Again, he followed her reasoning. “If she decided to eliminate teachers, why run the parallel line with one and intersect on the other?”

“Exactly. I’ve got other reasons for and against, but that one sticks on me. Nobody’d have thought anything about it if she’d come into the school the day Foster was killed. Any excuse would’ve worked.”

She crossed to Foster’s classroom. Saw him again, lying on the floor in pools of his own waste. “These killings aren’t passionate and impulsive, and they’re pretty damn smart. Smarter for her—Allika—to have come in clean. I don’t like her for it, and she’s too emotional to have pulled this off. Straffo, now, he’s got the control and the focus, but not his wife. And still…”

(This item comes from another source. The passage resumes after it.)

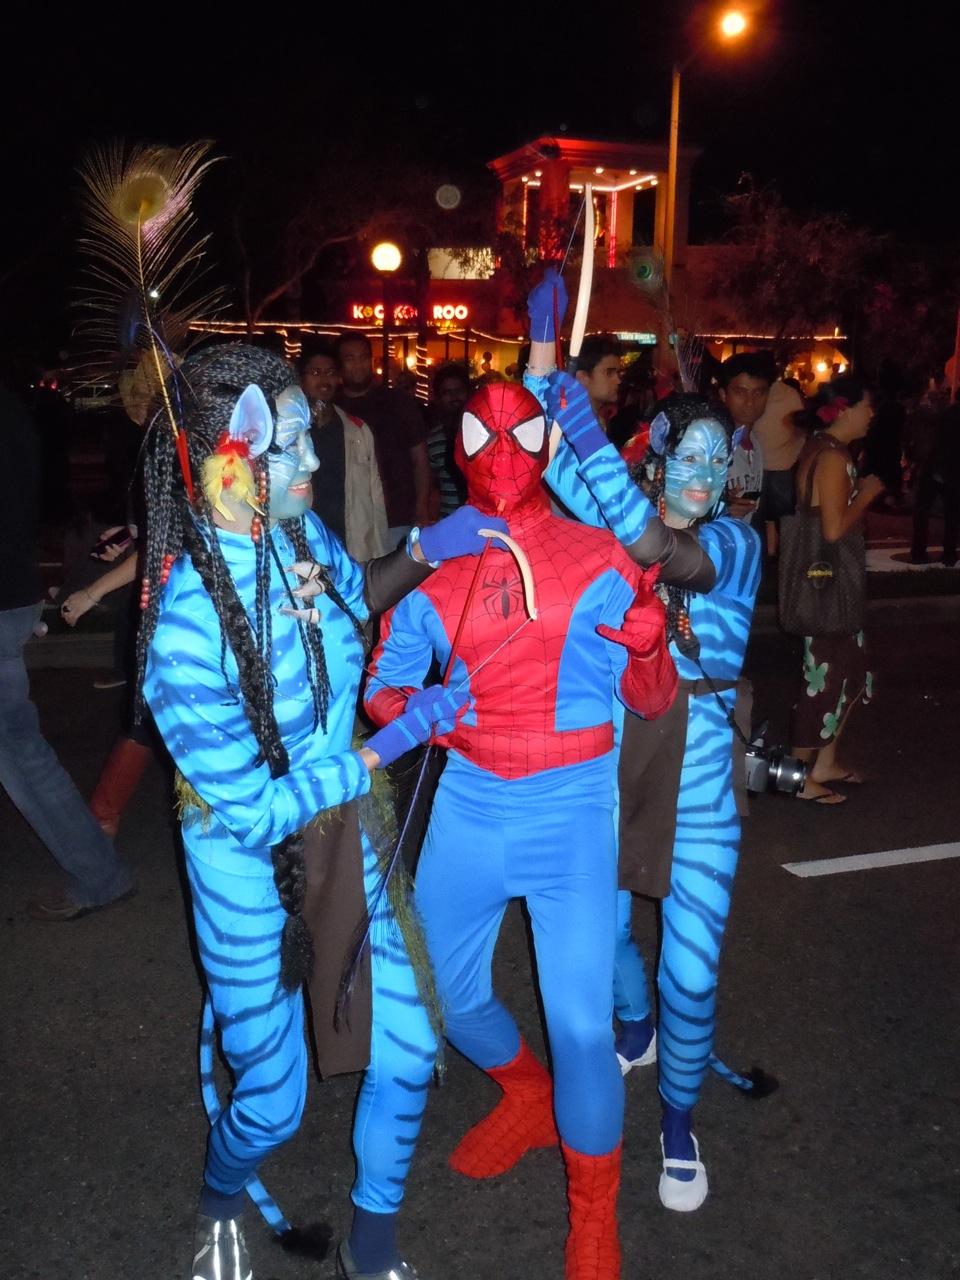 avatar aliens west hollywood halloween carnaval 2010. Black Bedroom Furniture Sets. Home Design Ideas

“Something bothers you about her.”

“A few things. But I need to tur

n it around in my head some before I lay it out. Meanwhile, Foster comes back, goes in, closes his door for his daily lunch/lesson-planning deal. Drinks really bad hot chocolate. If he’d got medical attention in the first few minutes, he might have made it. But the killer’s banking on it going as it did.”

She stepped in for a moment, and again saw Foster. Alive now, going through his habitual routine. “He sits. Shoots off a cheerful little e-mail to his wife, gets working on the pop quiz he has planned. He drinks, he dies.”

“Painfully,” Roarke murmured, knowing what she was seeing.

“Painfully. Then the two kids, sprung from their study session on the main level, come up, see the janitor, speak with Dawson, show their passes, go to the classroom.”

“Question? Why is it Dawson doesn’t seem to blip on your radar?”

“No motive, no sense, no buzz. Teacher for twenty-odd years, fifteen right here. No current around him. He’s the…What is it? He’s the tortoise type.”

“Slow and steady.”

“Yeah.”

“Follow-up. You’re veering well away from Principal Mosebly, though you’ve shown she had motive.”

“Yeah.” Raking her fingers through her hair, Eve walked out of the classroom again. “I could be way off on her, but I can’t see her for it either. Murders on her sanctified ground, under her watch? It’s a nightmare for her, worse than having her sexual indiscretion revealed. She’s hemorrhaging students out of here, getting slammed with unpleasant media. Maybe she did it, maybe she thought she could spin it all and weather the damage. But it doesn’t ring. Still like to fry her for crying rape. Bitch.”

She frowned. “Where was I?”

“The two girls go to the classroom.”

“Right. If they’d come up fifteen minutes earlier, Foster’s got a chance. Instead, he’s gone and they run out screaming. Dawson runs over, sees what’s happened, calls the principal.”

“A fairly predictable series of events.”

“It is, isn’t it? Now we’ll take Williams.”

She led the way downstairs, through the fitness center, into the pool area.

“Not bad,” Roarke commented.

“Yeah, a pretty sweet setup for a kid or a teacher. In here, Williams intersects with Mosebly. Allika Straffo is on premises—no intersections reported—then, according to her statement, she went looking for Williams, and—using your terms—ran a parallel line with him and Mosebly, overhearing their argument.”

From where she stood, Eve could see the exits, entrances into the pool area. Staff. Students.

“She leaves, Mosebly leaves, more intersections with her and Hallywell, Dawson. Dawson comes in to see Williams, and for the second time in a week finds himself a dead body.”

“Quite the coincidence.”

“Yeah, yeah. But he and the nurse, who was also called to both scenes, they’re peripheral. Someone else reached the center of both these circles, undetected.” Eve stared down at the surface of the water. “Both times.”

“You’re sure it was the same killer?”